Sometime in late March my life began to get better when I received anti-biotics for my respiratory illness.   Getting better couldn't of happened at a better time because my illness didn't distract me from making the movie.  My bestie will tell you that a couple months ago that when we talked on the phone that I was taking long heavy breaths in our conversations because my breathing was off.

For a moment there I just thought my nerves were just getting the best of me because I was starring in my first feature film as a first time actor, with no previous actor experience whatsoever. And I began to think maybe the pressure began to manifest itself into depression, high blood pressure, & high anxiety.

Right now I can think of a certain stand up comedian who is on track to performing 1000 consecutive days of stand up comedy and lately hes been blogging about the high anxiety and the stress hes been going thru because of it.  So I guess that shit is real.

I bring this up because tonight I just saw the producer of our movie and since the beginning of this movie shoot, he broke in a severe case of facial acne.  How do I know this his acne is related to the movie, well because when I saw him tonight his face started to clear up.  Is this a coincidence that his face began to clear up after we finished the movie this past week, I don't think so.

For the past month, everyone related to this movie had to endure some sort of high level stress.  All I can say is that its nothing like anything I've ever experienced before and I'm glad its over.

Considering the conditions we were all under, I'm sure the movie will turn out great because all the actors gave great performances so I really can't wait to see how it turns out.

xoxo




Sunday, June 9, 2013

Famous Enough

I have to come to the conclusion that I have reached the pinnacle of my stand up comedy success.  And I say this because it was the Native American population in the United States who made my career happen.

It wasn't the White population, it wasn't the Mexicans, it wasn't the Asians, and it certainly wasn't the Black people who made me famous, but it was the Red people who gave me my chance to live the dream.

Next month I'll be celebrating 10 years in comedy and the industry hasn't changed, they're still promoting the same mediocre white boy comedians from when I first started and minority comedians are lucky if they get thrown a bone.
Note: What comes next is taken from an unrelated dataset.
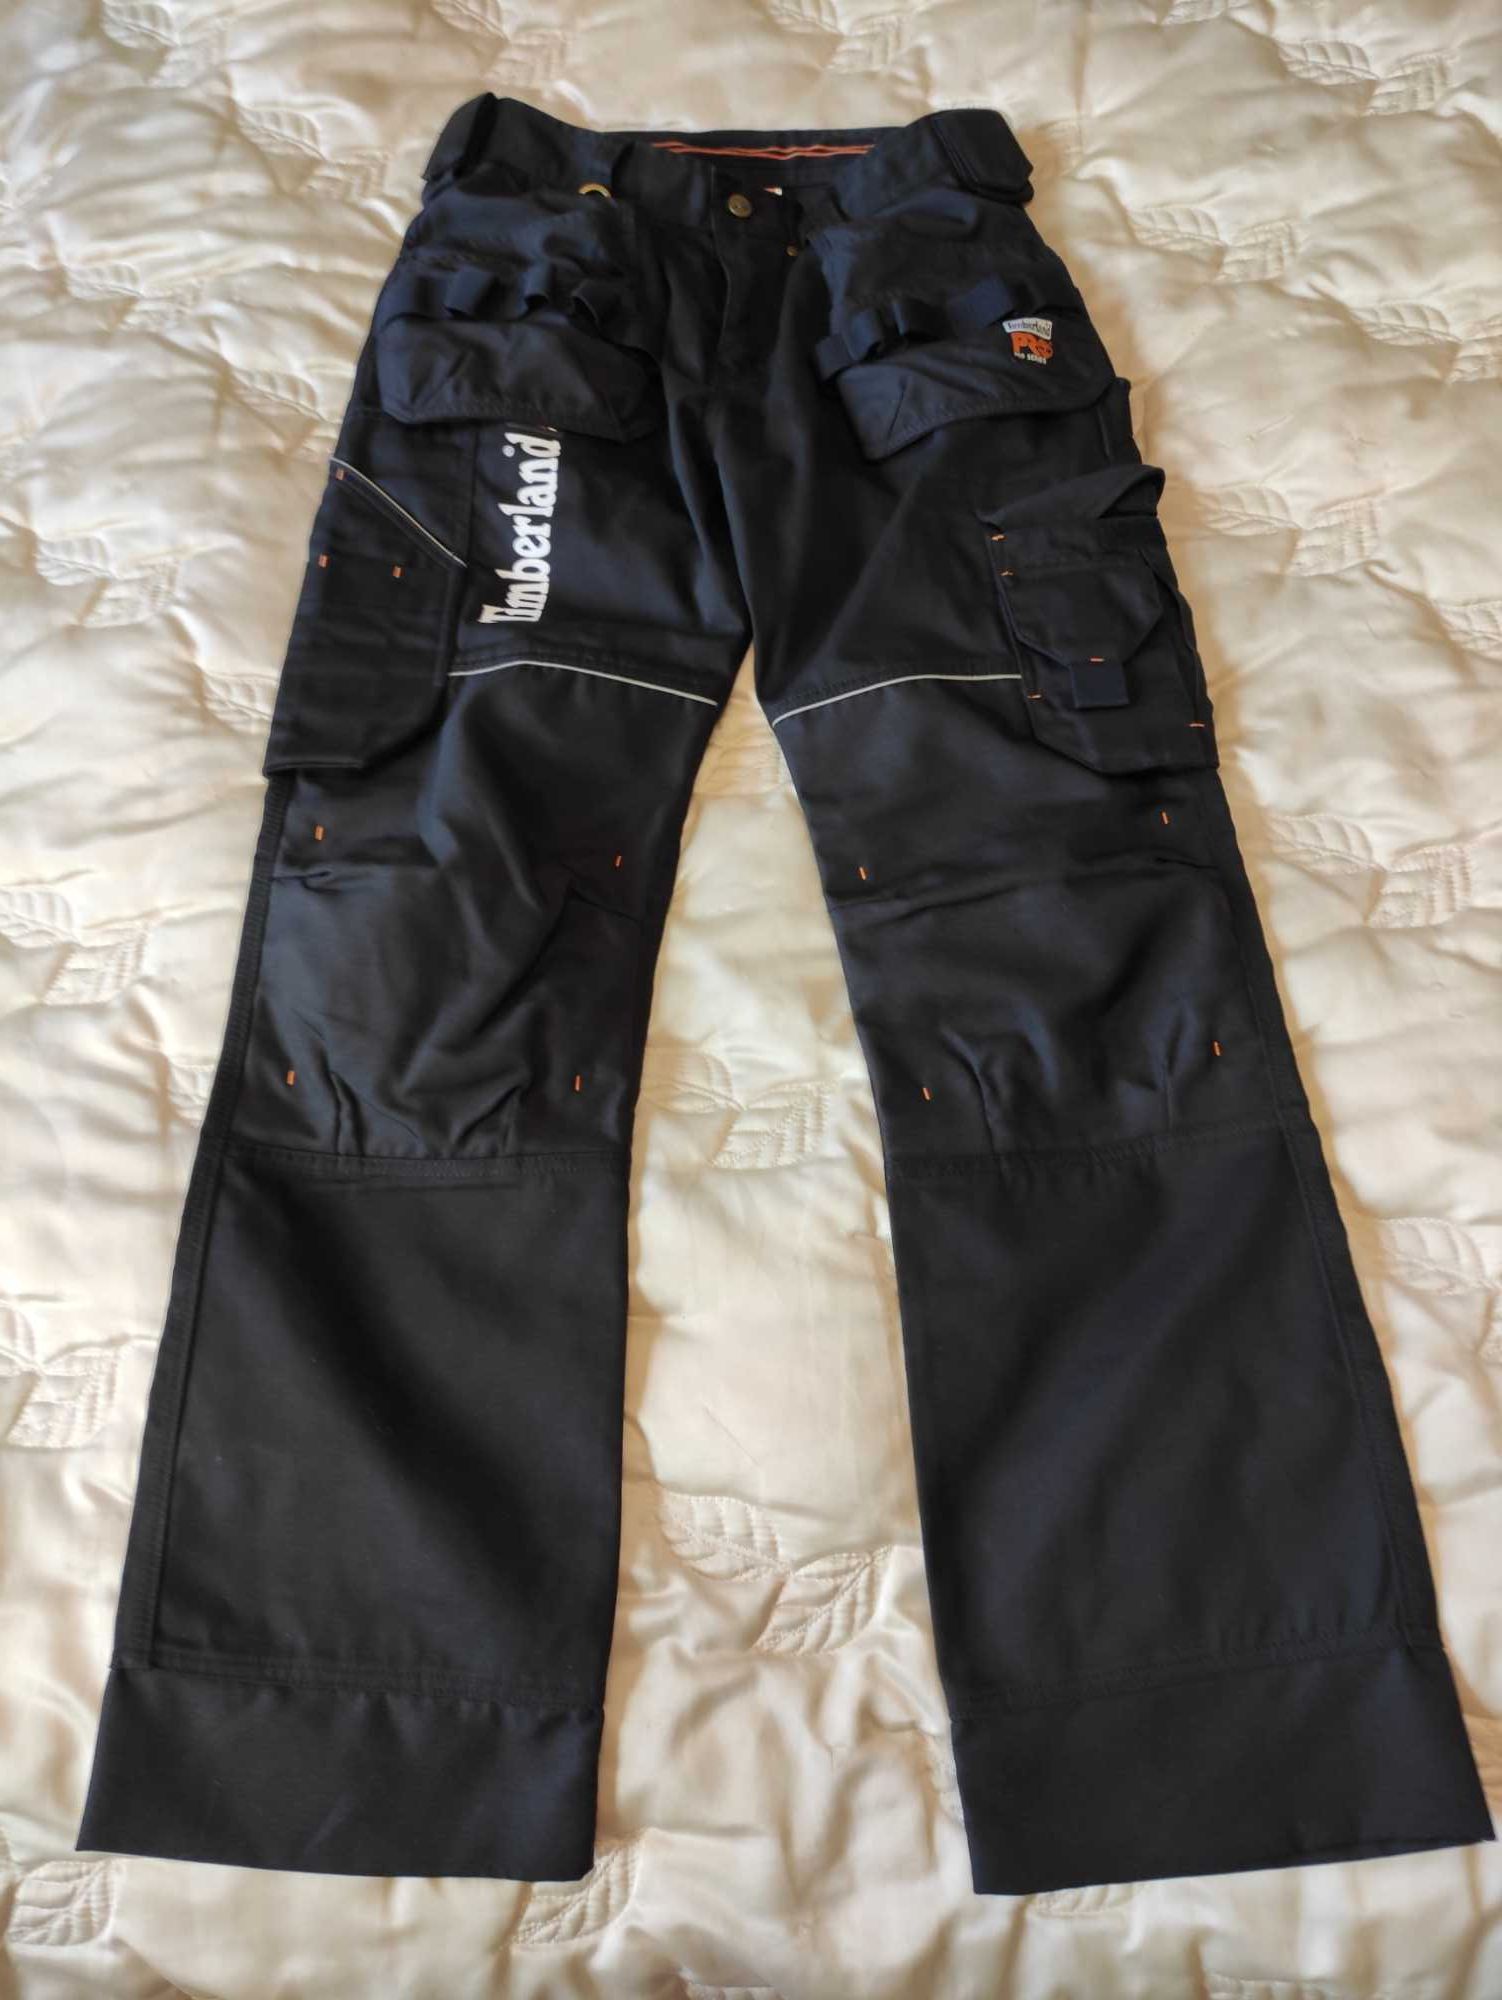 Męskie spodnie dekarskie robocze Timberland Pro Series r. 48 nowe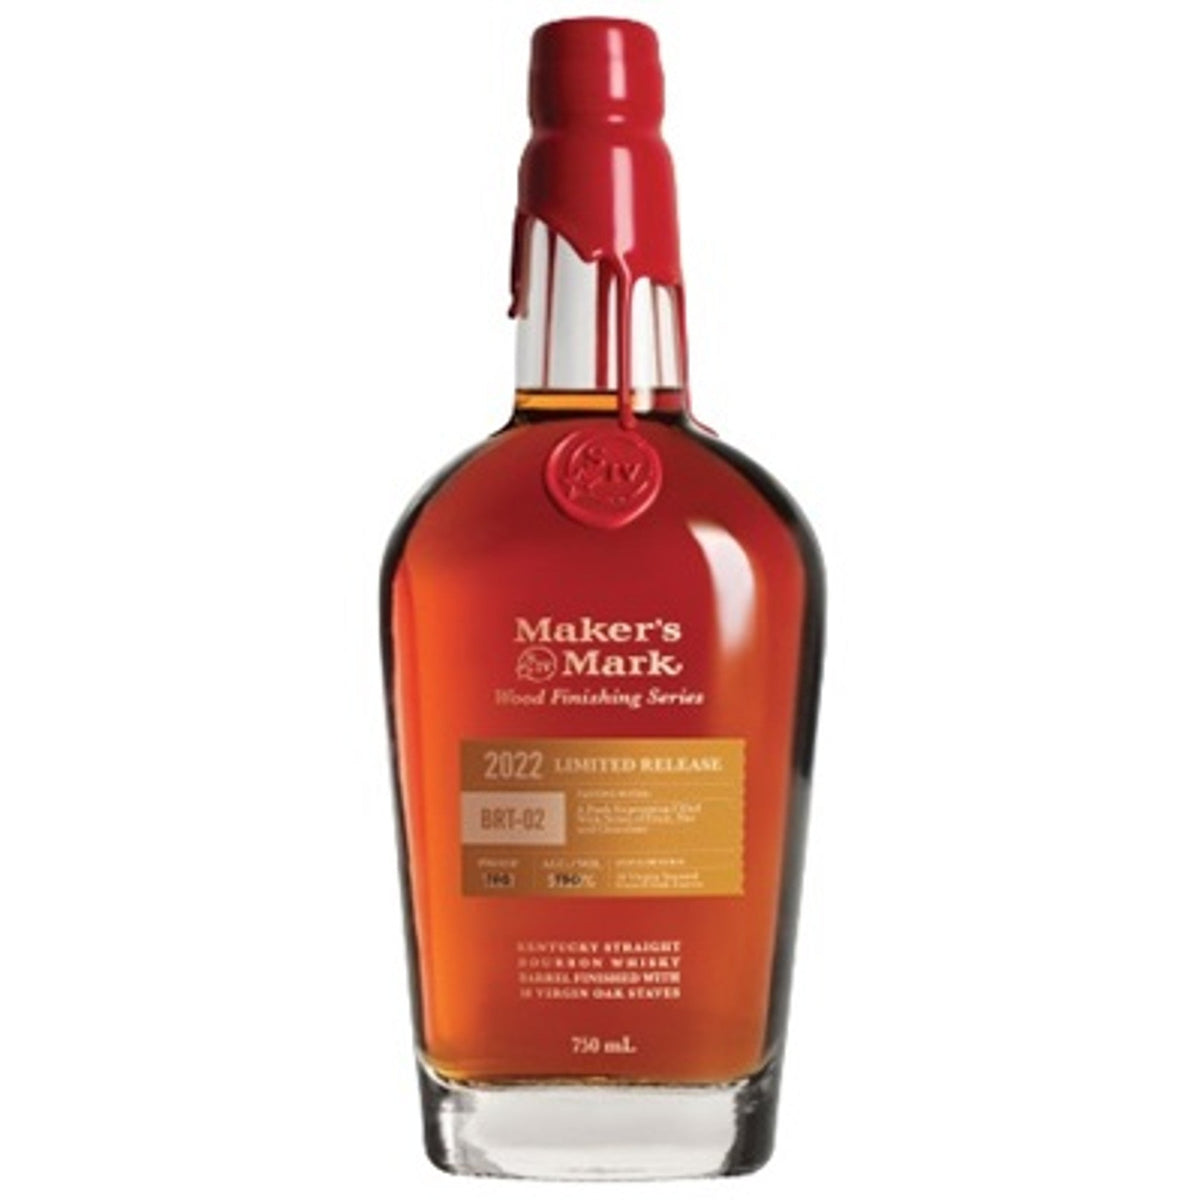 Maker's Mark 2022 BRT-02 Limited Release Kentucky Straight Bourbon Whisky (750ml)

This past week there was a new Cherrio's commercial that was considered controversial by mainstream America because it featured an inter-racial couple and Cherrio's received so much hate mail over it.

WTF?  Are you serious?

And these are the people I've been trying to champion for the past 10 years, fuck that.

I'm not here to represent haters, idiots, bigots, racists.  I'm here to represent the people who share my politics.

But come to think of it, its become pretty obvious why my career has stalled.  My glass ceiling turned out to be average middle America White people who don't want to identify with anybody else except for themselves.

The entertainment industry they kept telling us if we wanted to make it that we'd have to disregard our race, gender, sexuality and talk about non specific topics that would appeal to a broader audiences.

Why?

Why the fuck do we have to cut out our identify?  Is it to make our White counterparts feel better about their own lack of?

In some odd twisted way then I'm glad I didn't make it because that would have meant selling out the most funny and interesting parts about me because some fucking hee-haws don't get it.

I'm tired of trying to cow toe and relate to White people whose experiences I don't share, why does this have to be one way streak, why can't these muthafucka's try and relate to me?

In a way I'm glad they took away my ancestors language and made us learn English, so now they can perfectly understand me when I say to them, go fuck yourself.

xoxo








Saturday, June 1, 2013

Hella Gay Comedy Show - Sacramento

We did our 2nd Hella Gay Comedy Show at the Sacramento Comedy Spot last night, big thanks to Brian Crall for hosting our shows, we had a terrific crowd and our comics were fabulous as always.

A special shout to our stellar performers - Karinda Dobbins, Jessica Sele, Carrie Avritt, Ariel Smith, Nick Leonard and Cassandra Gorgeous.